**TASK TO COMPLETE**
Set out exactly every line of the entries below, starting at the line that holds "Antique German Grain" and stopping after the line that holds "Newly created wetlands".

**EXERCISE DATA**
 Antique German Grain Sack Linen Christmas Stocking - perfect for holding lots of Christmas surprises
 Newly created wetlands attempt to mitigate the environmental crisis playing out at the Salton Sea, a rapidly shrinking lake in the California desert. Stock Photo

--

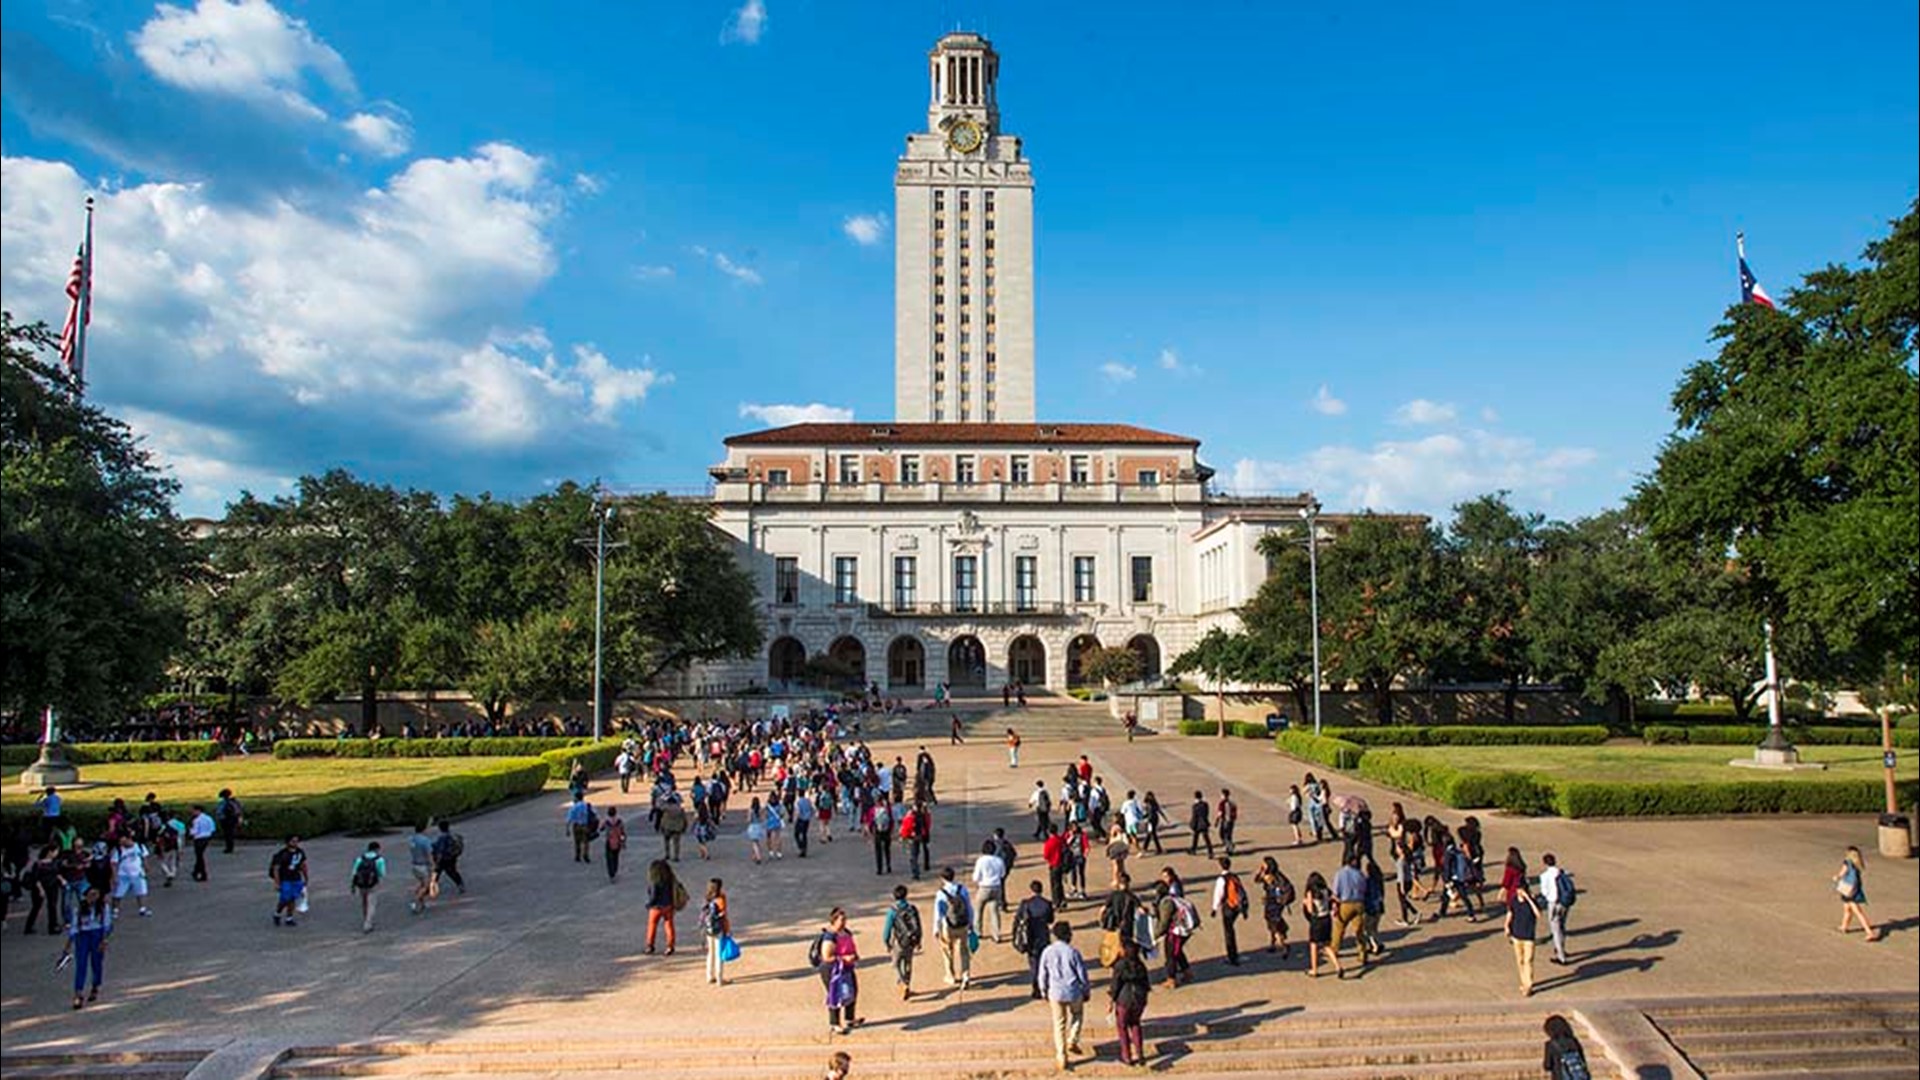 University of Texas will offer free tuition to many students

...

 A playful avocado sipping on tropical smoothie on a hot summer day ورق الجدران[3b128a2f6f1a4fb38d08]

**FINISHED EXERCISE**
 Antique German Grain Sack Linen Christmas Stocking - perfect for holding lots of Christmas surprises
 Newly created wetlands attempt to mitigate the environmental crisis playing out at the Salton Sea, a rapidly shrinking lake in the California desert. Stock Photo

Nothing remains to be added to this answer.